The generator is mostly unchanged from the last time I poked around with it. TCL globs files and does some rough parsing to stuff records into SQLite from which the latest posts are pulled out for generated pages (index, archive, atom feed).

Full Text Search

Previously there were two tables and only one of them was very interesting, containing the data parsed out of the posts (and containing the entire post body as well). The relevant addition to enable full-text search requires adding a single virtual table using FTS. One thing I found especially neat is that the virtual table can take another table as the source of search content, so the only additional data ends up being the search indexes. For my case I wanted to make both the post title and body searchable (although technically the title is included in the "body" for my case I wanted to try a multi-column search corpus).
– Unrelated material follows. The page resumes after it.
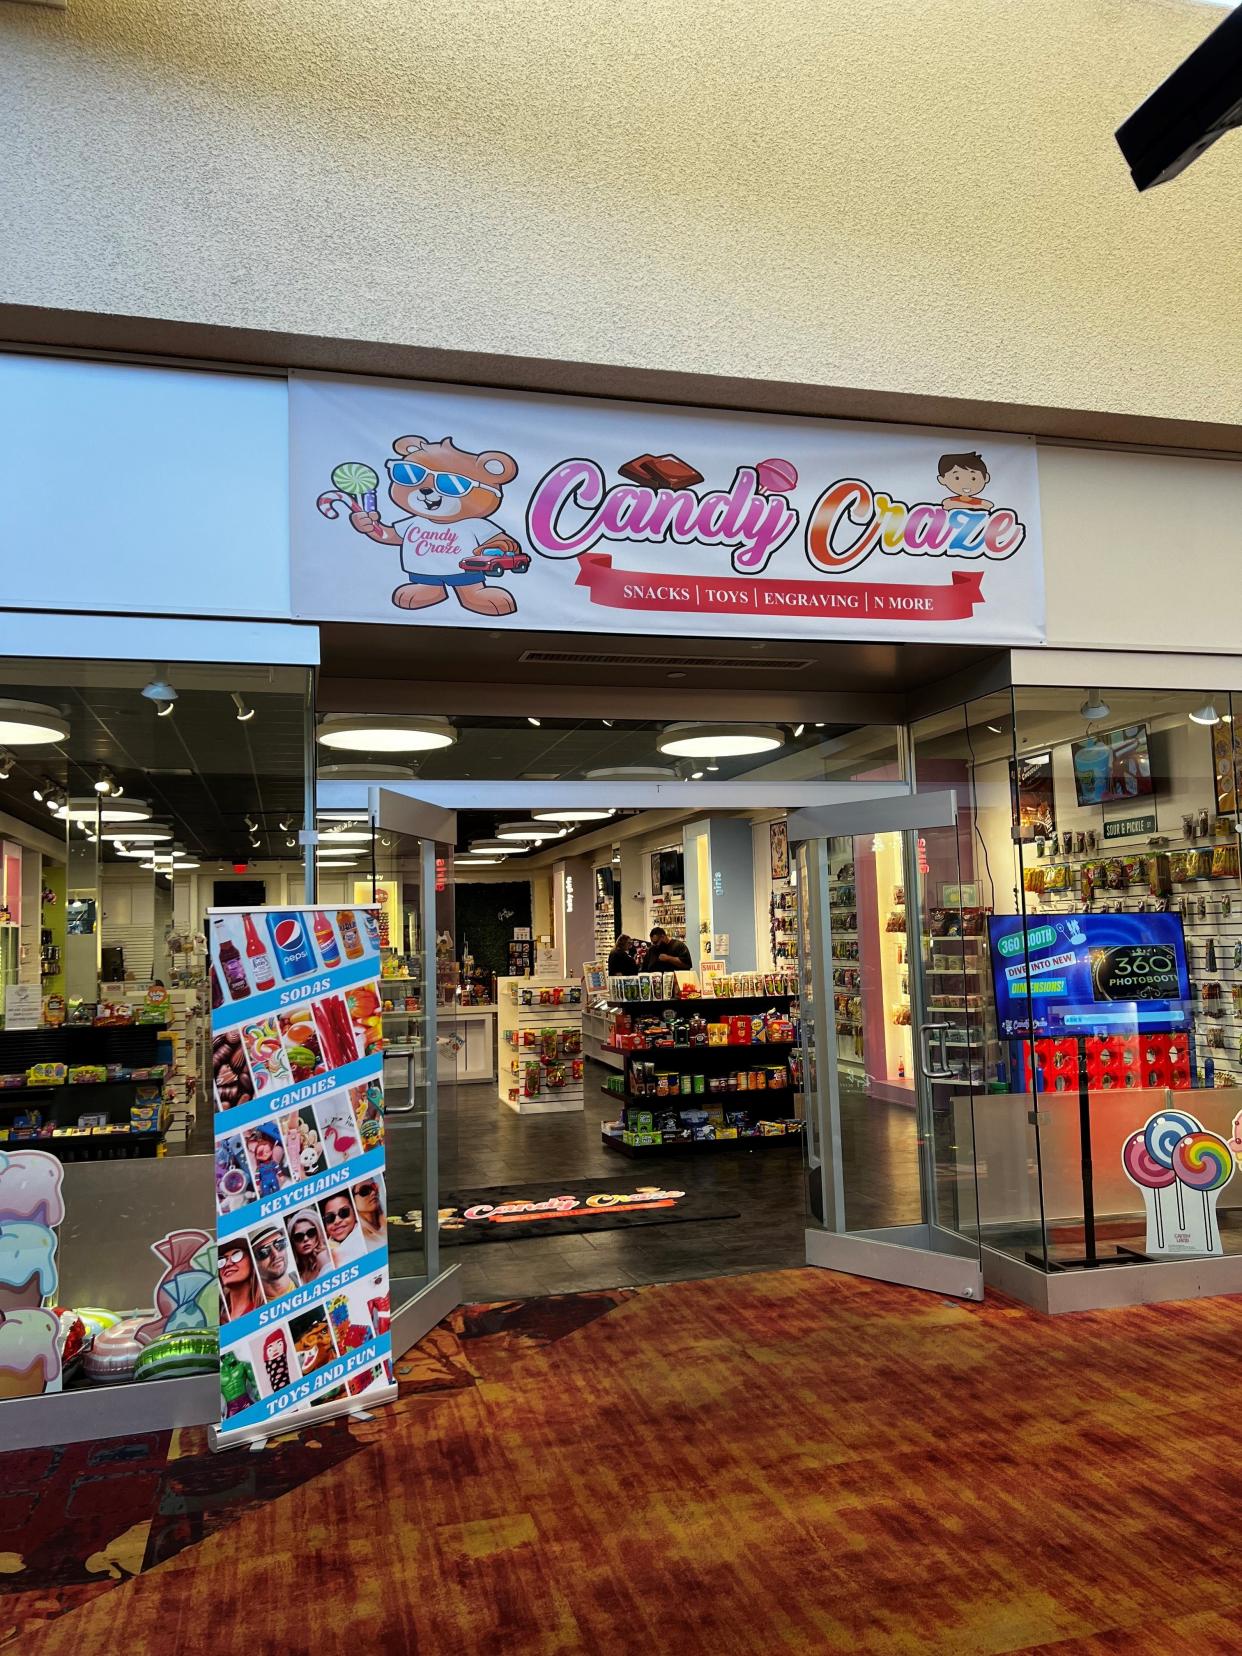 Candy Craze N More had its opening day on Friday in the Sunset Mall.
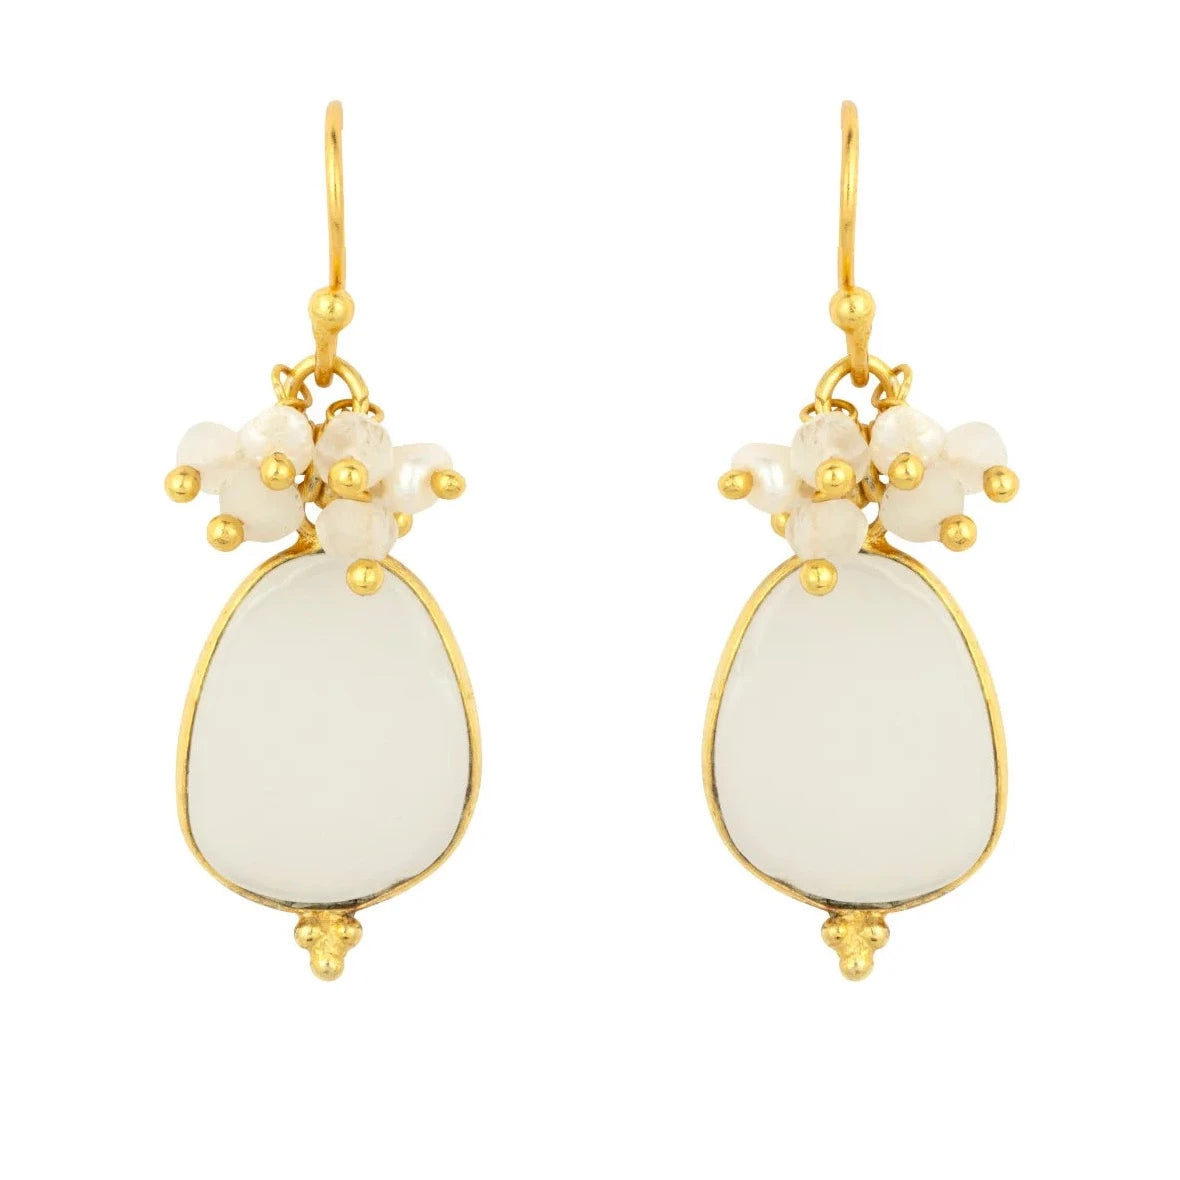 Discover the timeless elegance of our white chalcedony earrings, from Mazzi D Fiori, adorned with a hand-wired cluster of semi-precious stones. This best-selling piece features stunning freshwater pearls and moonstone, finished with an organic-shaped white chalcedony drop. With its striking design and wearability, it's the perfect addition to your jewelry collection for years to come.

    create table if not exists post(path text primary key,
				    path_slug,
                                    title,
                                    date datetime,
                                    leader,
				    body);

    create table if not exists prior(id integer primary key,
                                     dt datetime default 0);

    create virtual table if not exists post_fts using FTS5(path, title, body, content=post);

Just like that, I now get a MATCH keyword that accepts a mini query language. The syntax is pretty intuitive to me, but then I don't mind regular expressions or APL, so who knows?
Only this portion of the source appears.